Prof. Berman also noted that expressions stated in the Torah and Haggadah like that of “with a strong hand and an outstretched arm,” mentioned many times throughout the holy text in relation to the exodus, have been employed in the context of Pharaonic propaganda in Egypt in order to show that the Pharaoh’s power is great, but that of God’s supersedes it.
His greatest claim says the story of the Exodus and the Biblical poem Song of the Sea are very similar in nature to that of Ramses II’s Kadesh inscriptions that described his greatest achievement in winning over the Hittites in 1274 BCE, and that the Book of Deuteronomy fashions this tale of fit the bible in an act of cultural appropriation. The claim has gained wide academic attention and was reported in The Wall Street Journal.
Do the sources describe the daily lives of slaves in Egypt assuming a Hebrew population was enslaved there? “Absolutely. There’s a burial tomb in Luxor of a very important vizier named Rekhmire, from the period in which Israel likely was in Egypt, maybe not as slaves at first, and the walls of the tomb are richly illustrated, and they show all of the industries he was in charge of. And there’s a whole description of mudbrick making, like those described in the Bible, so we see all of the stages of it so it’s all there and fits what’s described in Exodus perfectly.”

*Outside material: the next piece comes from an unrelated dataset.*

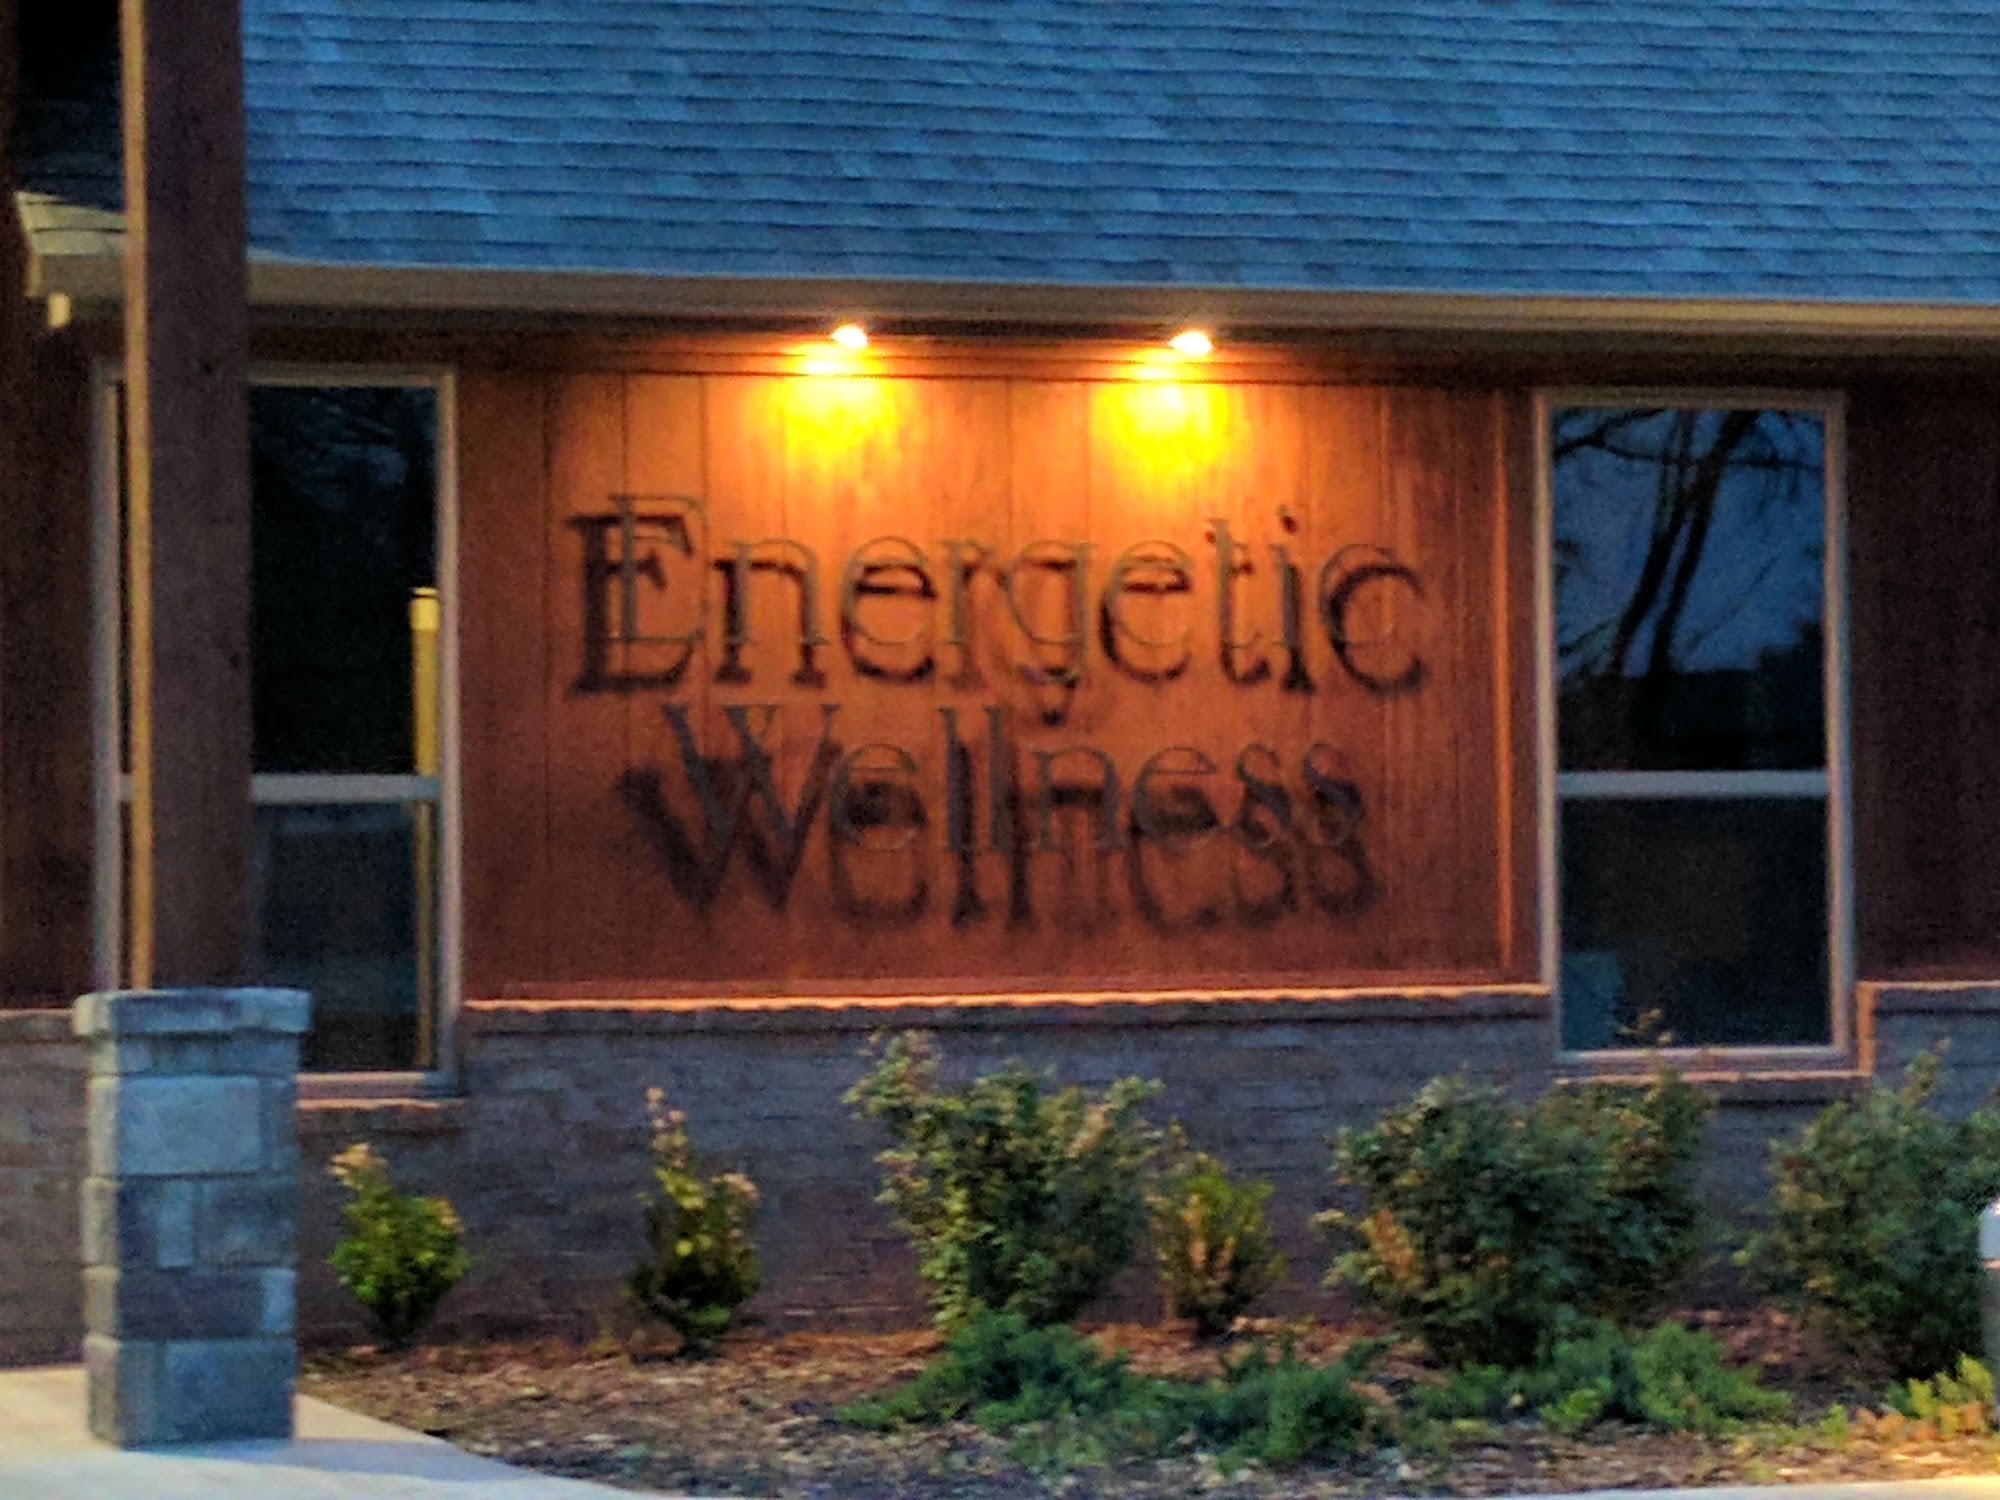 Energetic Wellness

Many historians and Egyptologists today attempt to counter the Exodus narrative, how does modern scholarship handle claims of Jewish slavery in Ancient Egypt? “There’s a debate within the scholarly community about what constitutes evidence and what type they are, we could see what the fundamental assumptions of each one are, and are there double standards at work, that’s a very important thing.”
How so? “If you were to find Moabite sources that said the same things as the Biblical story, while no scholar could except that there was a parting of the Red Sea or any of the supernatural things described there. But I think if we found the exact same story in these sources, with none being present in Egypt, scholars would likely say the supernatural elements belonged to the mythology of the ancient world.

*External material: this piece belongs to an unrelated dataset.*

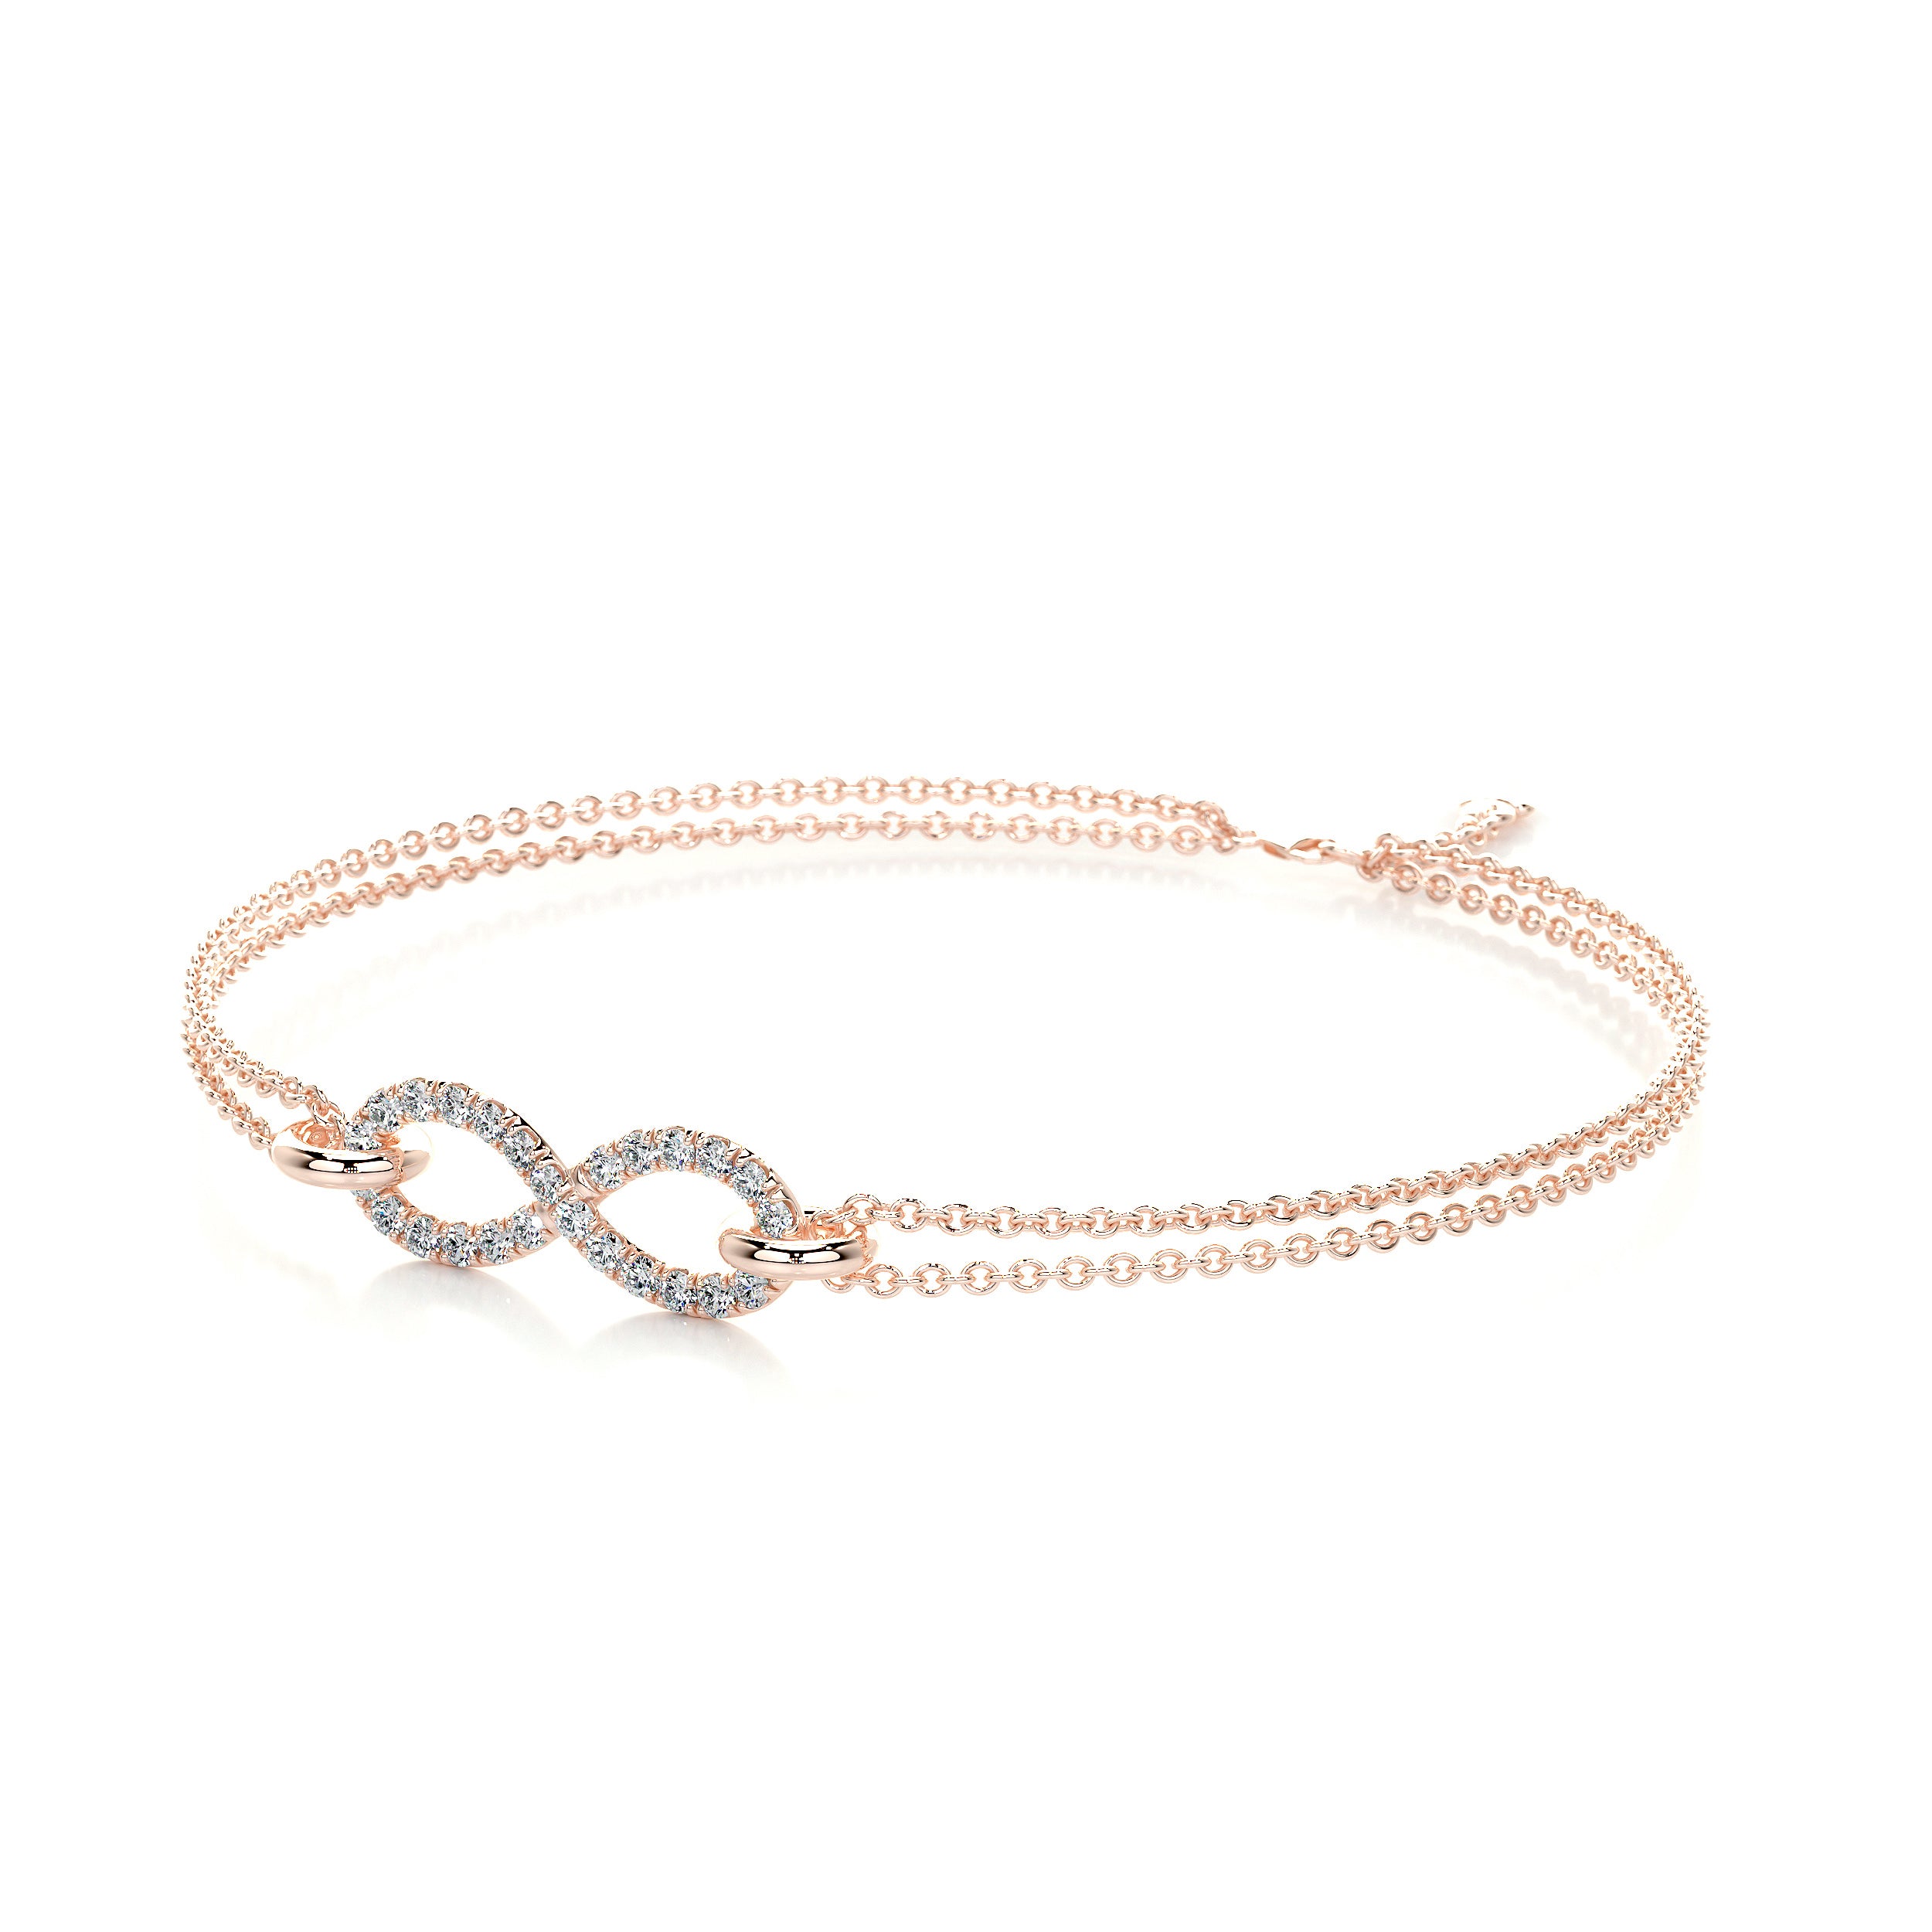 Debbie Diamonds Bracelet   (0.25 Carat) -14K Rose Gold

“But they would also say that there’s such a deep familiarity with Egypt in these sources, so they’d say the Moabites must have originated there. But when it comes to the Bible, there are a lot of different opinions. Some say none of it is true, some say that maybe a part of the Israelite nation was there, but there are a lot of opinions about that. It’s a hot topic because the Bible’s a hot topic due to its influence on people’s lives.”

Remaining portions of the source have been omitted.